In case of elevated hCG, it is important to provide an analysis of rival diagnoses, including ectopic pregnancy and pregnancy of unknown location, gestational trophoblastic disease (GTD), and germ cell tumors. Ectopic pregnancy and pregnancy of unknown location, a common differential diagnosis in cases of elevated beta-hCG levels without intrauterine pregnancy, was ruled out in our patient due to the absence of chorionic or decidual tissue on histopathological examination of the diagnostic curettage and the lack of adnexal abnormalities on transvaginal ultrasound imaging. Gestational trophoblastic disease, including molar pregnancy and gestational choriocarcinoma, was excluded based on the absence of paternal alleles in molecular genetic testing, confirming a non-gestational origin. Germ cell tumors, which can also present with elevated beta-hCG levels and metastatic disease, were considered unlikely due to the absence of primary gonadal lesions and the distinct histopathological features of choriocarcinoma in the lung and kidney. By systematically addressing these differential diagnoses and providing a clear rationale for their exclusion, the diagnostic process is strengthened, and the validity of the final diagnosis is reinforced.

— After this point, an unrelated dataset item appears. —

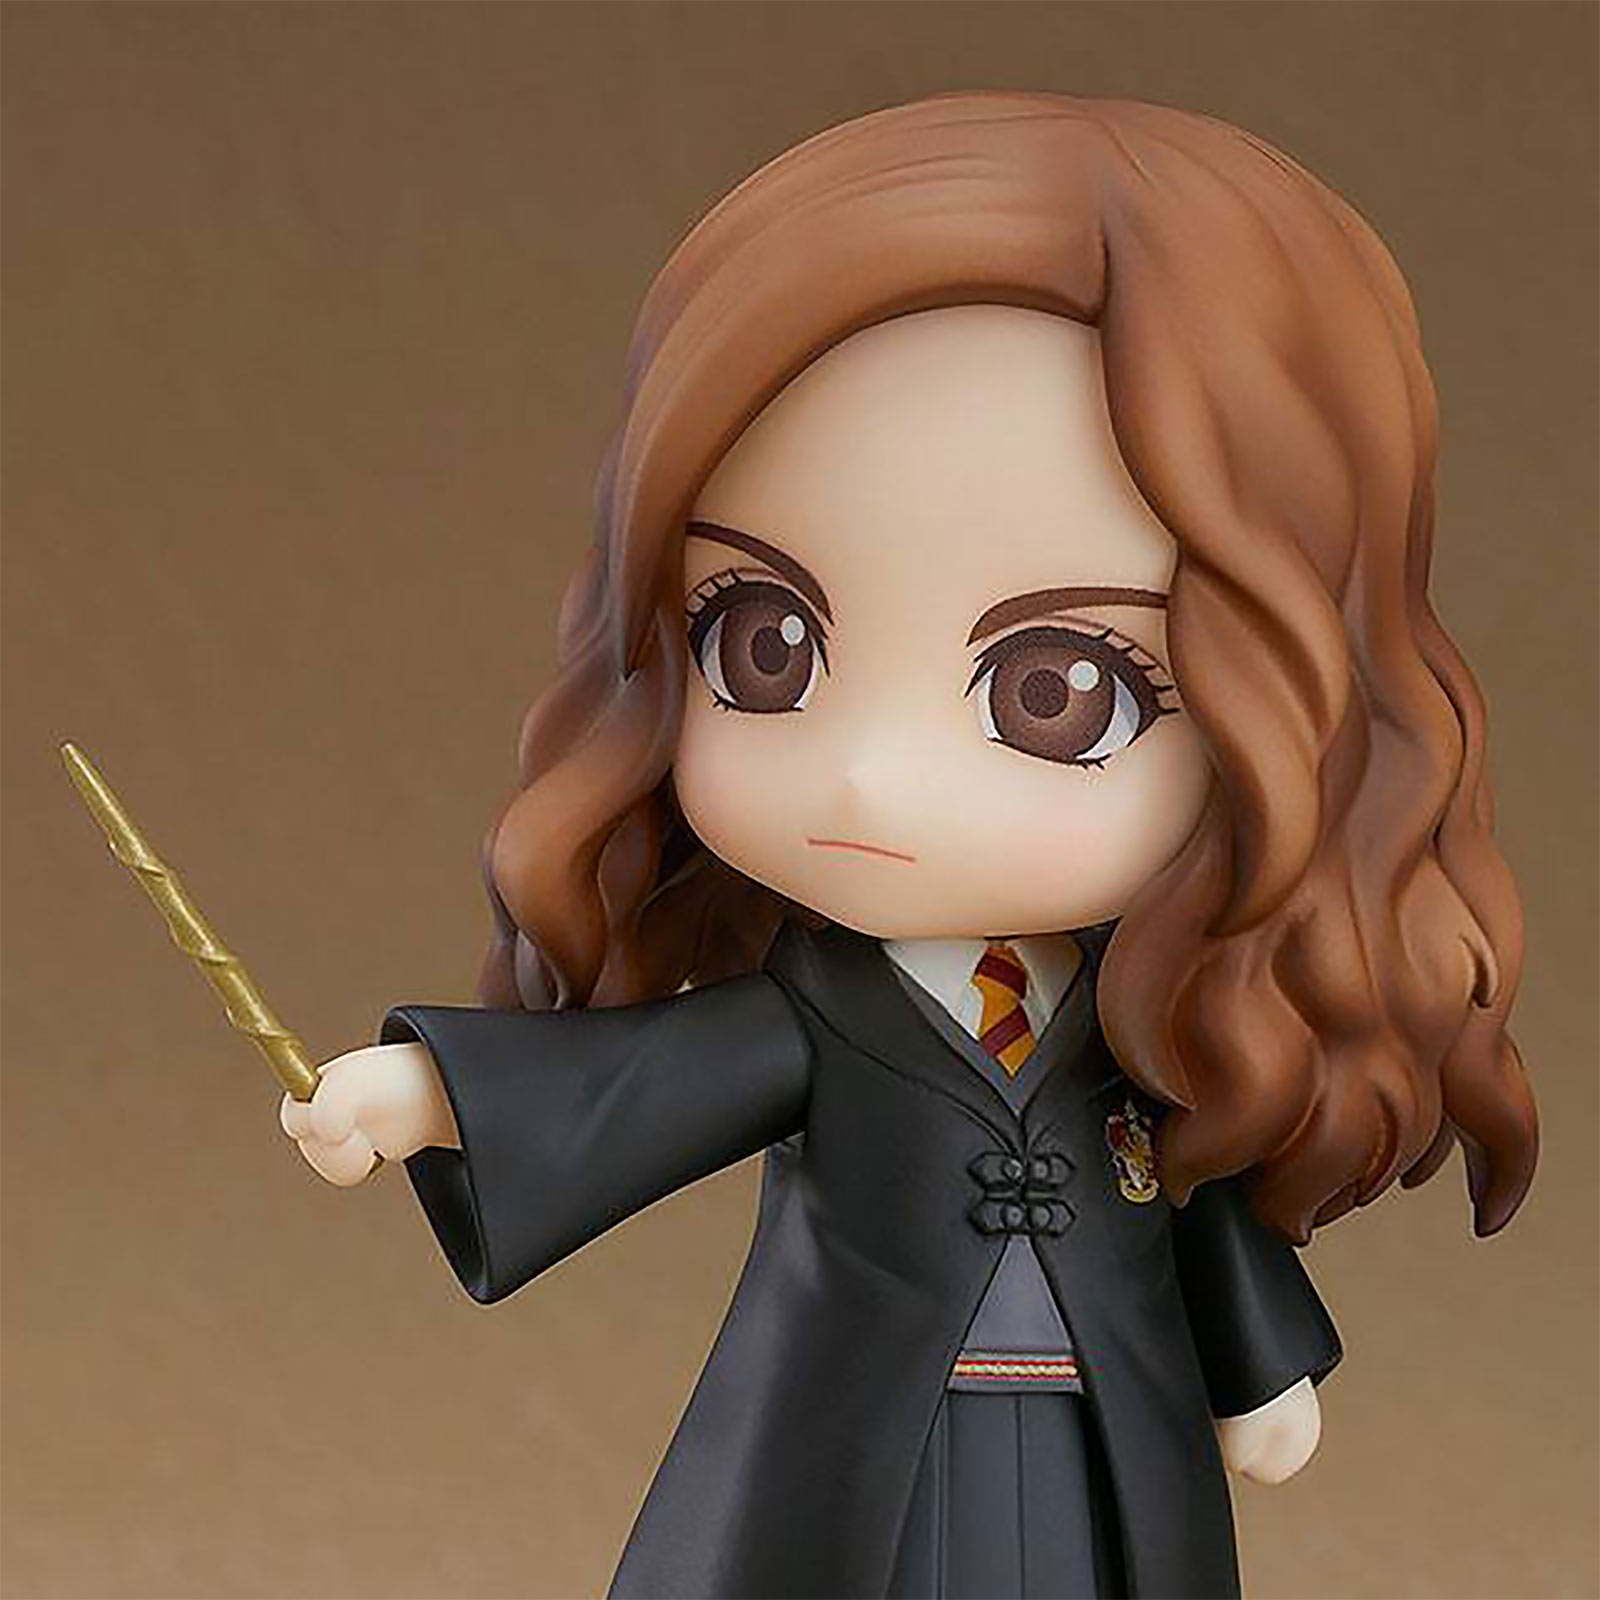 Harry Potter - Hermione Granger Nendoroid Action Figure

When these investigations prove inconclusive, clinicians should consider non-gestational choriocarcinoma of ectopic origin [9-12].

Planned laparoscopy was deferred due to the patient's unexpected symptoms suggesting extragenital origin, leading to the utilization of advanced imaging techniques including CT angiography and PET-CT [13].

Non-gestational choriocarcinomas typically carry a worse prognosis than their gestational counterparts, characterized by rapid progression and frequent presence of distant metastases at diagnosis [14]. In our patient, the presenting symptoms of hemoptysis and progressive lower back pain led to the discovery of concurrent lung and kidney involvement. While renal metastasis is uncommon even in gestational choriocarcinoma [15], our literature review found no previously reported cases of renal metastasis from primary pulmonary choriocarcinoma.

Current evidence, including our experience, suggests that optimal treatment consists of surgical resection followed by adjuvant chemo- and immunotherapy [16]. Our patient received sequential chemotherapy protocols (BEP and EMA-CO). As with other malignancies, early diagnosis significantly impacts treatment efficacy and survival rates [17]. In our case, the interval from initial presentation to diagnosis and treatment of extragenital choriocarcinoma was relatively brief.

Immunotherapy has emerged as an increasingly important treatment modality for malignant tumors. Checkpoint inhibitors, such as pembrolizumab, can effectively restore host immunity by targeting the interaction between programmed cell death protein 1 (PD-1) on T-cells and its ligand (PD-L1) on tumor cells. The successful use of pembrolizumab in our patient demonstrates the potential value of immunotherapy in managing this rare malignancy [18].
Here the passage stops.